On the third day I approached an Officer to ask if I could have the use of a motorbike to visit a farm that I had previously worked on. He was very reluctant at first but knowing that I'd had a very gruelling day he relented on condition that if I had the misfortune to be stopped by the Military Police I would say that I was looking for stragglers from the convoy.

I travelled the ten miles or so to the farm and exchanged the usual friendly greetings, I stayed and had my tea before setting off back. As I travelled along the twisting country lanes at a nice steady speed I noticed that the road had been recently resurfaced.

Disaster struck as I was negotiating one of the bends, I'd leaned the machine over to take the bend when the front wheel hit a mound of loose gravel, my footrest caught the surface of the road and it dug in sending the bike spinning across the road.

I hit the far bank then shot back across to the other side and shooting into the air it came to rest on my helmet tearing the metal from the inside webbing and digging into the back of my head.

Dazed, I felt my head. The blood was flowing pretty fast around my neck and round under my chin. A local farmer working in a field a few yards away saw the whole thing and climbed over the fence to help me.

I must have looked a ghastly sight sitting with my face covered in blood and with the inside webbing from my helmet still attached to my head. Bill the farmer said 'I'll go and phone the army at Catterick and tell them you've had an accident'.

I explained that by right I shouldn't have been there and that I'd been visiting friends. I looked at the damage on the machine.

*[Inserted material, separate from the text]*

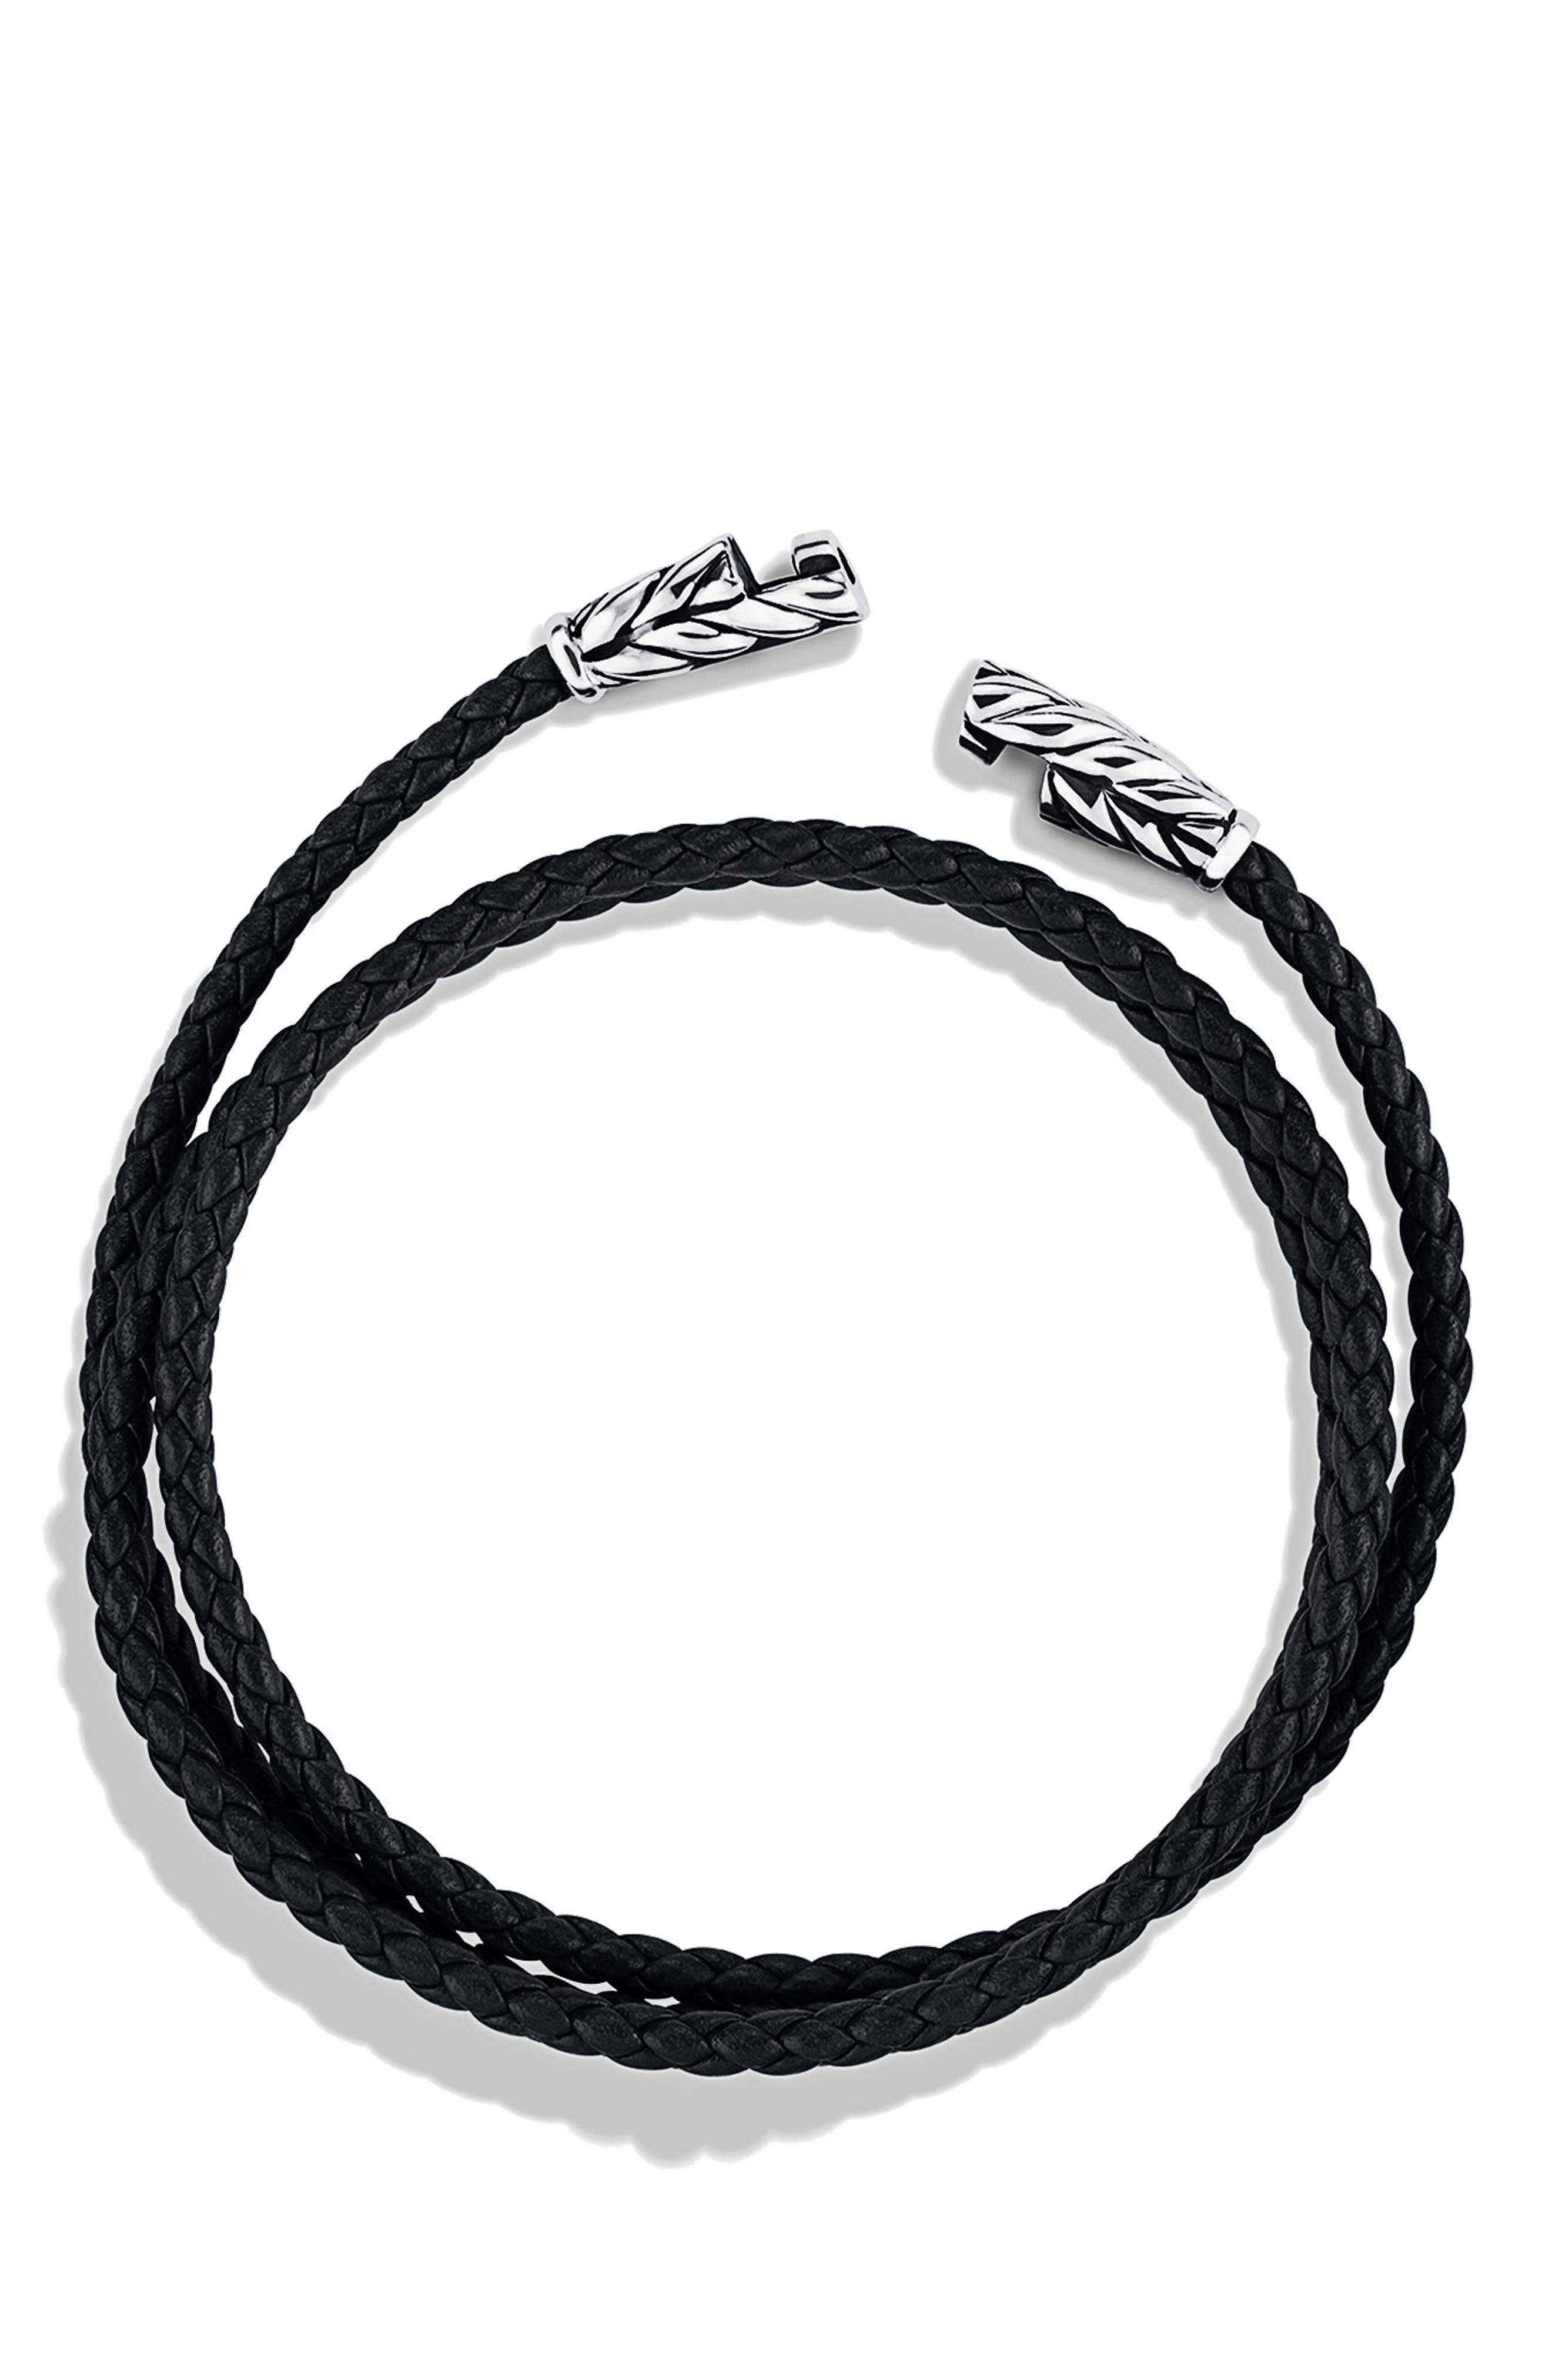 DAVID YURMAN, 'Chevron' Triple-Wrap Bracelet, Alternate thumbnail 2, color, BLACK LEATHER

The handlebar had been forced up along with the footrest and the headlamp was dented and the
glass broken.

I forgot about my pain and bleeding head for I was so worried about how I would explain what had happened and the thought of a Court Martial. The regiment had set up camp in a field and having made it back I reported to the powers that be the following morning.

I was taken to Catterick military hospital to have four stitches in the wound on my head and was excused exercises for the following week. Fortunately the damage on the bike went unnoticed.